リディアは自身の霊能力を生かし、テレビ番組の司会者として活躍している。一人娘のアストリッドがいるものの、親子関係がうまくいかずに悩んでいる。アストリッドは幽霊の存在を信じておらず、母の霊能力もインチキだと思っているのである。そんな中、リディアは父が事故で亡くなったことを母デリアから聞かされる。葬儀のために彼女は恋人のローリーとアストリッドと共に、実家に戻る。ローリーから結婚を強引に迫られたリディアは、断り切れずに承諾してしまう。
その頃、数世紀前から死後の世界の倉庫に封じられていたビートルジュースの元妻ドロレスが復活する。死後の世界にやってきた若者の道案内をしていた用務員が、倉庫の掃除をしている時、誤って掃除機が漏電してしまう。その電流によって、棚にあった箱が落ちてしまうが、なんとそこからバラバラのまま眠っていたビートルジュースの元妻ドロレスが復活を遂げてしまう。バラバラだった体を自らつなぎ合わせるという不気味さ。そして、ビートルジュースに対して復讐を企てる。
一方、アストリッドは母親が有名な霊能力者であることをからかわれており、孤独なスクールライフを送っている。自分よりも幽霊に向き合う母に対して苛立ちを募らせており、それが理由で母娘関係はギクシャクしている。そんなアストリッドは、苛立ちから外へ飛び出すが、道から転げ落ちてしまう。そこへ偶然やってきたジェレミーという青年と出会う。イケメンでもあり、2人はすぐに意気投合し、ハロウィーンに会う約束をする・・・
主役は映画のタイトルにもなっているゆえにビートルジュースなのだろう。 ビートルジュースはその名を三度呼ぶと現れることになっている。ここでもその名を三度呼ばれて再びリディアの前に姿を現す。ビートルジュースは前作よりリディアへの思いを募らせており、再会を喜ぶ。なぜか顔が小さく体のデカい幽霊「ボブ」らと共に霊界コールセンターを設立し、部下らをシャカリキに働かせている。ボブらは誰も彼も同じように見えてこれもまた不気味である。この映画は全般的にコメディタッチで展開される。
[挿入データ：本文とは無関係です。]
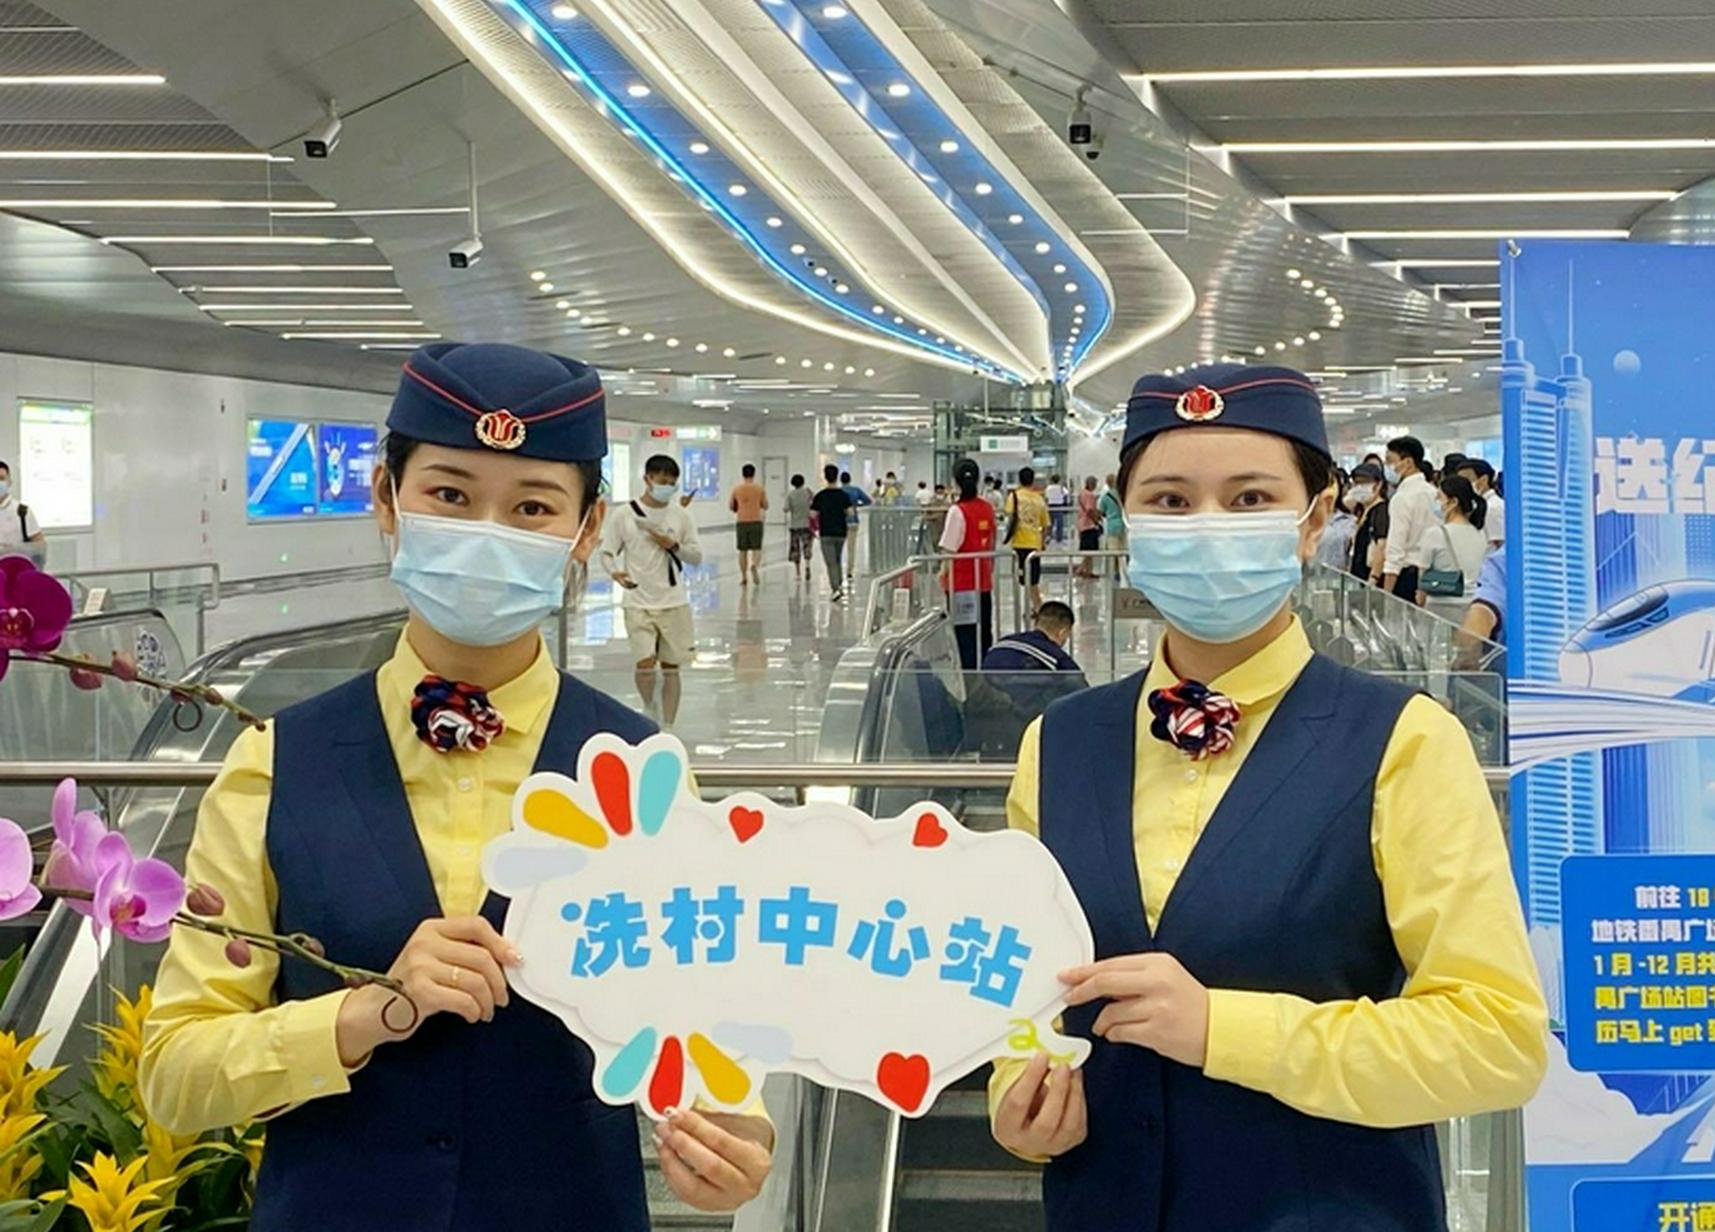 广州地铁18号线开通 站内热闹似过年

ティム・バートン監督と言えば、幽霊系の不気味な映画やハチャメチャ系の映画が得意なようであるが、いずれにしてもコメディタッチで描かれる事が多く、この映画もそれらがミックスされている。ビートルジュースも幽霊なのか悪魔なのか正体ははっきりしないが、いろいろと力はあるが脳みそがないという感じの男である。さらに死後の世界の刑事ウルフ(演じるのがウィレム・デフォーだったりする)が登場するが、これも大げさな身振りで存在感を誇示する。何も考えずに観られる映画である。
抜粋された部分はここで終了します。